Here’s the page for adverse action notices on a credit decision:

# Adverse Action Notices for Credit Decisions

**Domain:** fair-lending-cra
**Sources:** comps-260-consumer-credit-protection, ecfr-title12-part1002, cfpb-exam-ecoa
**Synthesized:** 2026-05-31

---

## Authority Chain

### Statute — 15 U.S.C. § 1691(d) / Equal Credit Opportunity Act [comps-260-...]
ECOA requires creditors to give a statement of reasons for adverse action, or
disclose the applicant's right to request those reasons. This is the statutory
basis later implemented in Regulation B.

> **Verbatim — 15 U.S.C. § 1691(d):**
> "Each applicant against whom adverse action is taken shall be entitled to a
> statement of reasons for such action from the creditor..."

### Regulation — 12 C.F.R. § 1002.9 [ecfr-title12-part1002]
Regulation B makes the notice mechanics operative: notify within 30 days, in
writing, with the action taken, the ECOA notice, the Federal regulator, and
either specific reasons or the right to request them...

### Examination Handbook — CFPB Exam Manual, ECOA [cfpb-exam-ecoa]
Examiners test whether notice workflows actually meet Reg B's timing and
content rules...

## Who this applies to

Any creditor under Regulation B — all depository charter types, mortgage
lenders, finance companies, and fintechs that extend credit. No product gate
applies; the duty turns on taking adverse action, not on the product...

## Clarifications

### specific-reasons
- **Ambiguity:** Is "did not meet underwriting standards" specific enough?
- **Resolved by:** 12 C.F.R. § 1002.9(b)(2)
- **Practical:** The notice must give the principal, specific reasons; generic
  references to internal standards or a failing score are not compliant.

The authority chain steps down the layers in order: the ECOA statute that creates the duty, Regulation B that sets the 30-day timing and required content, and the CFPB exam manual that shows how an examiner tests it. Each layer gets a plain read plus the verbatim source text, so nothing drifts from the words on the page. “Who this applies to” names who’s covered; “Clarifications” takes the questions that trip people up and gives the rule that settles each one.

Every page follows that shape, and none ships without at least two layers of authority, so a lone statute with no implementing rule isn’t enough. Today the wiki runs to a few hundred pages, one per activity, often split by institution type so a national bank and a broker-dealer each get the version that fits. The agent gets context it can work with; the compliance team gets something it can check.

We run this in-house. Our compliance agents read the wiki before they work, so they start from the right map instead of hunting for it. In our own evaluations that cut tool calls by roughly 50% while holding the same 90%+ accuracy bar: fewer round trips through the raw regulations, the same quality of answer, because the context was already sorted.

The challenge

The biggest challenge is keeping all of this correct. A generated layer like this can drift: a page can cover too much, miss a source, overstate guidance, or apply a rule to the wrong kind of business, and sound confident in exactly the way a reviewer learns not to trust.
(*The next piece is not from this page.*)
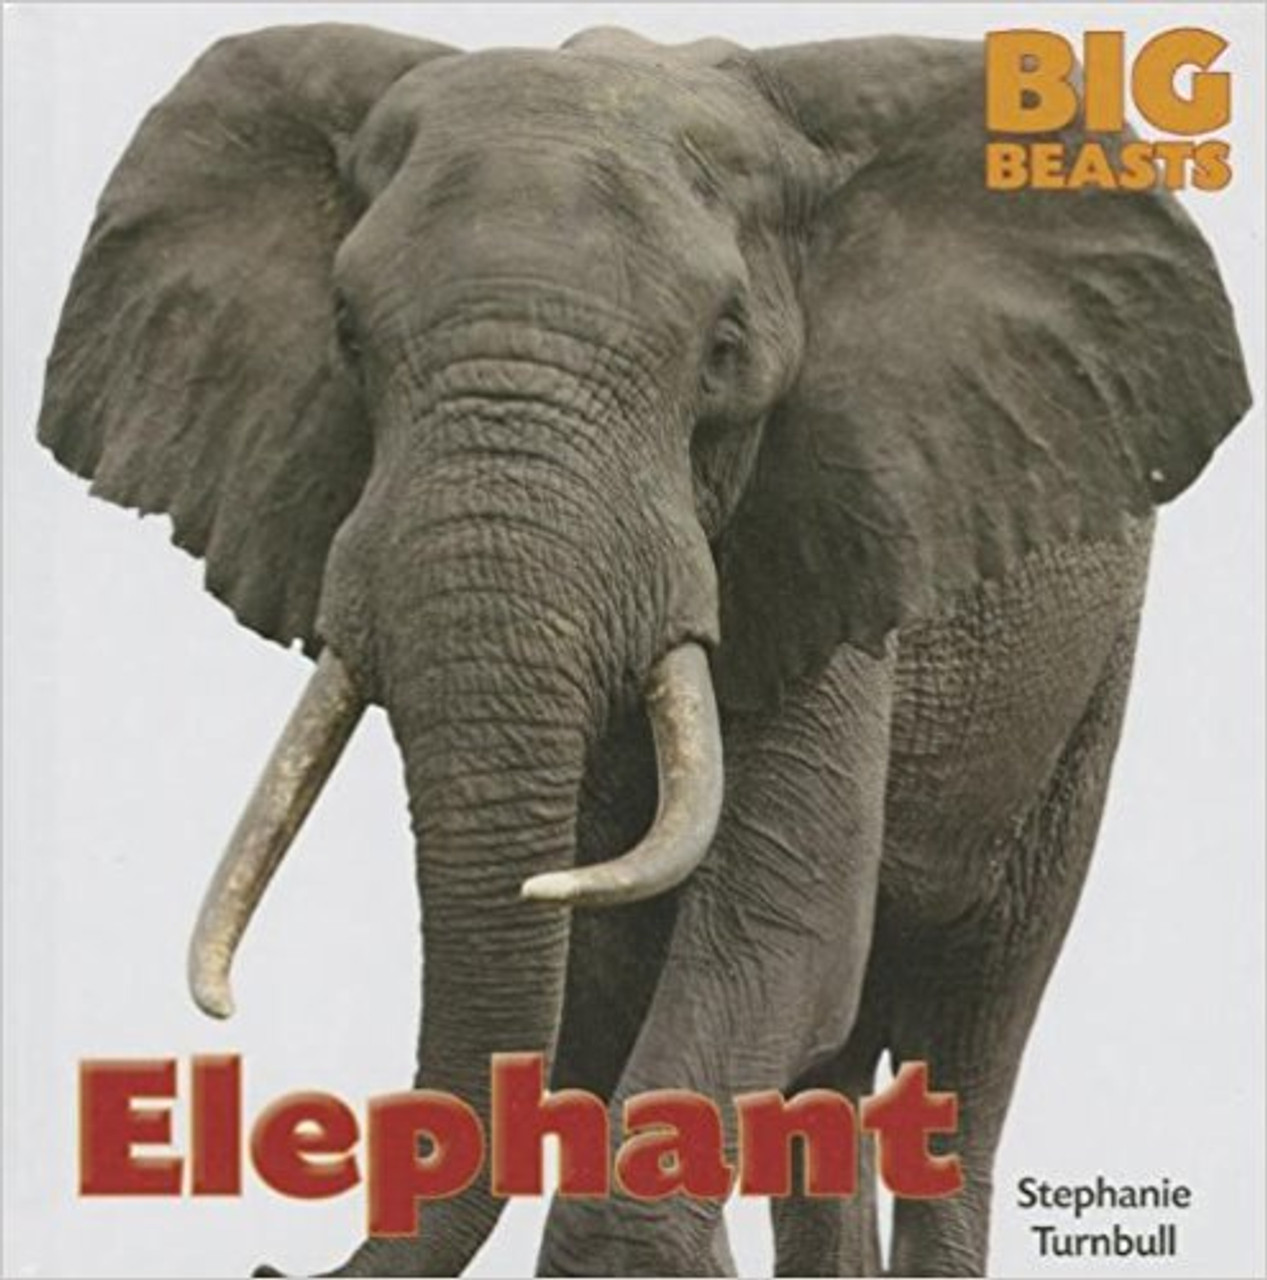 Elephant - Big Beasts by Stephanie Turnbull

So we keep the format tight: sources listed, authority chain spelled out, conditions explicit, one place to update when a rule changes. But a few hundred pages is more than any team can hand-check every time a rule moves, so we built a linting agent that reviews every page: whether the sources still hold, whether each claim traces back, whether the applicability is right. Experts calibrate that linter. They review a sample, decide what correct looks like, and tune the agent until its judgment matches theirs. Then it runs across the whole wiki and catches drift before it reaches a compliance agent.

It’s the lesson we keep hitting with compliance AI: the model isn’t the whole system. It can draft, search, and reason over evidence, but the answer is only as good as what’s around it. Agents don’t need every regulation in the prompt. They need the right map before they act.